The second hospital would not care for her and she was sent to a third hospital. The third hospital told her to come back later — and then she went home. We lost touch with her and assumed that there was a good chance mom and baby had died. Praise God that was not the case!! She went back 2 days later and they did a C-section. Samuel was also born around 7 months at 1.4 kg and spent 2 months in an isolate of some sort.
During his 8 weeks in the isolate and the next couple weeks at home he has only gained 0.4 kg to his current 1.8 kg (with a diaper) weight. When mom was asked if she was breast feeding him, she said she wasn't. She said he dried up during the 2 months he was in the hospital (hard telling what they were giving him).
When asked what she has been giving him she said "pudding." My first thought was that’s probably even worse than the sweetened condensed milk that most people use. But then she explained that pudding was saltine crackers crushed and mixed with water. So, he has been given virtually no nutrition for who knows how long.
We started him on formula even before he left the clinic. He has been doing well and is slowly gaining weight.
Please remember to pray for Samuel as well as the other little one as they struggle to survive in this difficult culture.
One of my patients the other day was very cute little man and I realized that he was trying to give me a fist bump. After he would give me a fist bump he would tap his chest with his fist. I am sure that he has seen the bigger boys doing this. I think this was his way of showing appreciation for what he has received through the malnutrition program.
It’s such an encouragement to see him growing up big and strong!
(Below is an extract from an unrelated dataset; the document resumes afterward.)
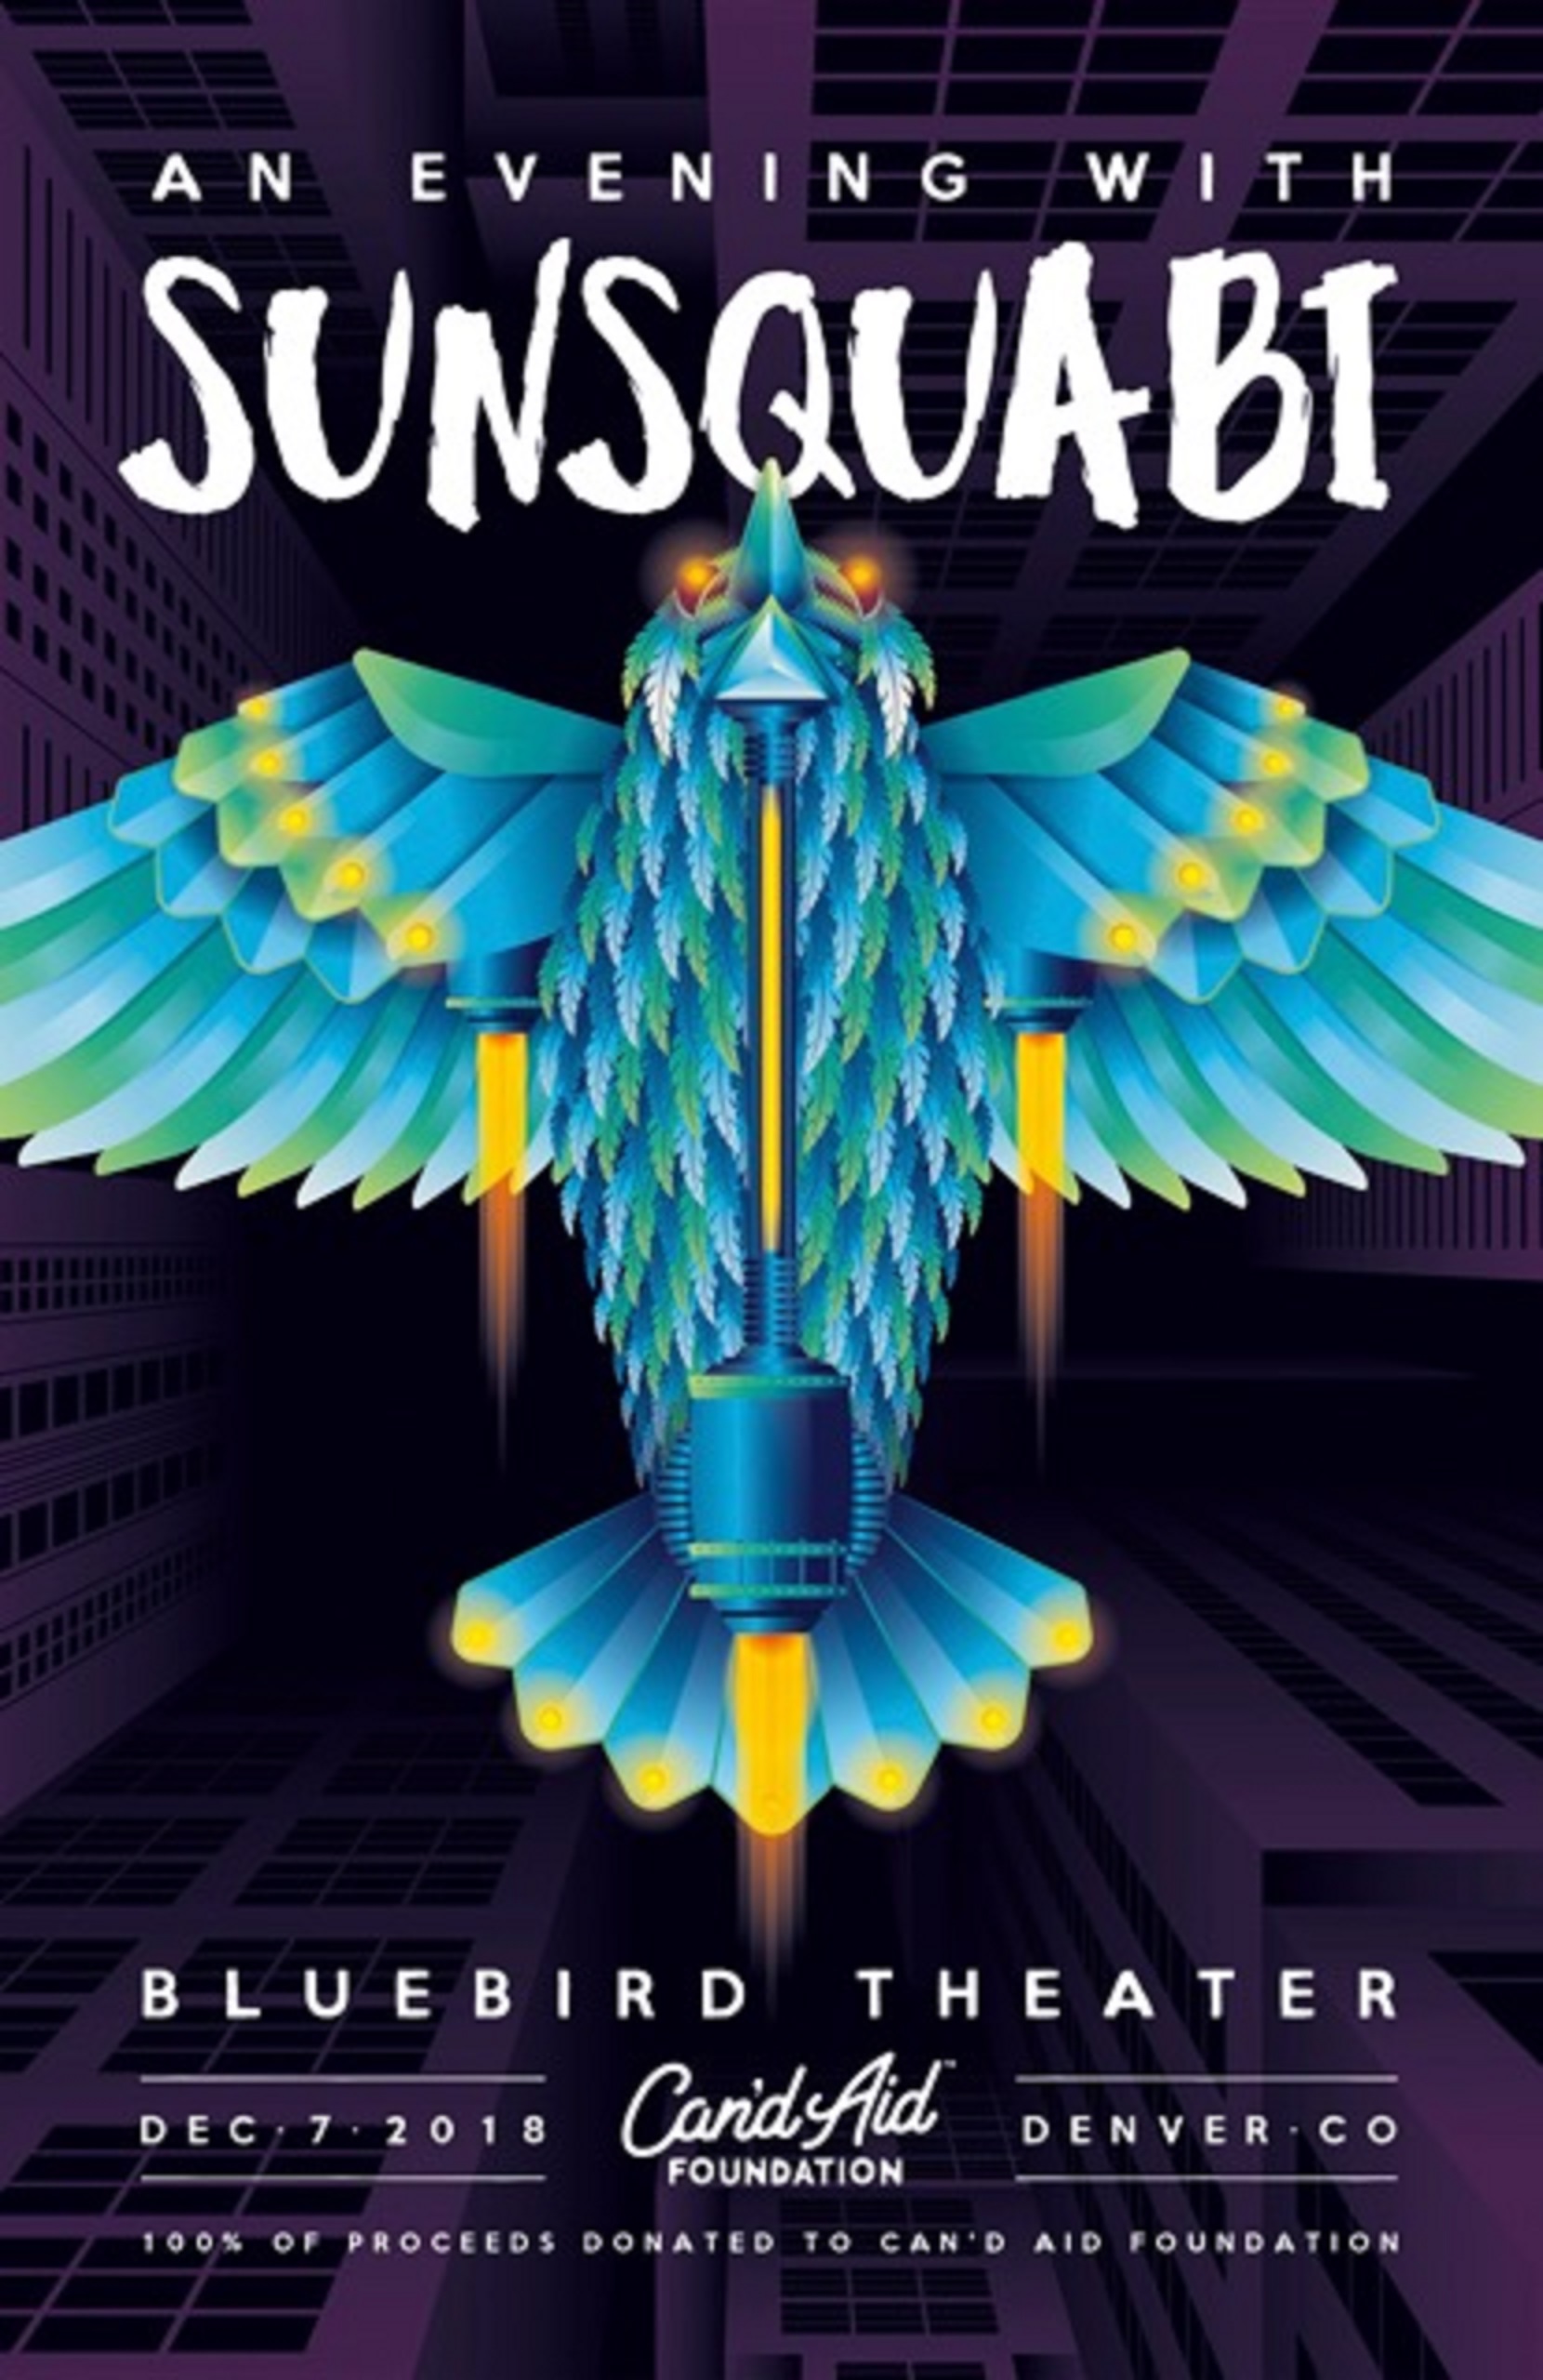 SunSquabi announces benefit concert in Denver- 12/7/18

And because YOU make it possible for me to help him!
You may have seen the posts on Facebook about Ruthchina, the little 10-month-old we sent to inpatient malnutrition on March 21. She was only 9 pounds at 10 months.
She was very sick with Pneumonia and had a high fever, as well as malnourishment. She initially did really well — but has since taken a step back. She is having problems with her lungs again. Please remember to pray for her as she struggles to regain her health.
I am sad to have to report that we have lost track of Guerna (the young lady with the bad burns on her chest, abdomen, and left arm).
She has an appointment this week for reconstructive surgery. We have been trying to get in contact with her to let her know, make sure she was doing well, and get her some extra food and vitamins so she would be healthy for surgery. But she no longer lives in the neighborhood. Nobody knows where to find her but we were told that it’s rumored that she was possible sold as a Restavik again.
Please pray for Guerna that she would be able to get out of this child slavery and find the help she needs.
I am pleased to report that there are already 9 moms in the Maternal Health Clinic. I am excited to see the improved health for these moms and their babies, preventing the need for further medical care in the wake of the hospital closure, and reducing mortality for both the babies and their moms!
I continue to be blessed and humbled by your faithful prayer and financial support of this ministry. I would not be able to do all that I am doing without you! Please consider sharing this ministry you are involved in with others. The more we come together, the more we can accomplish!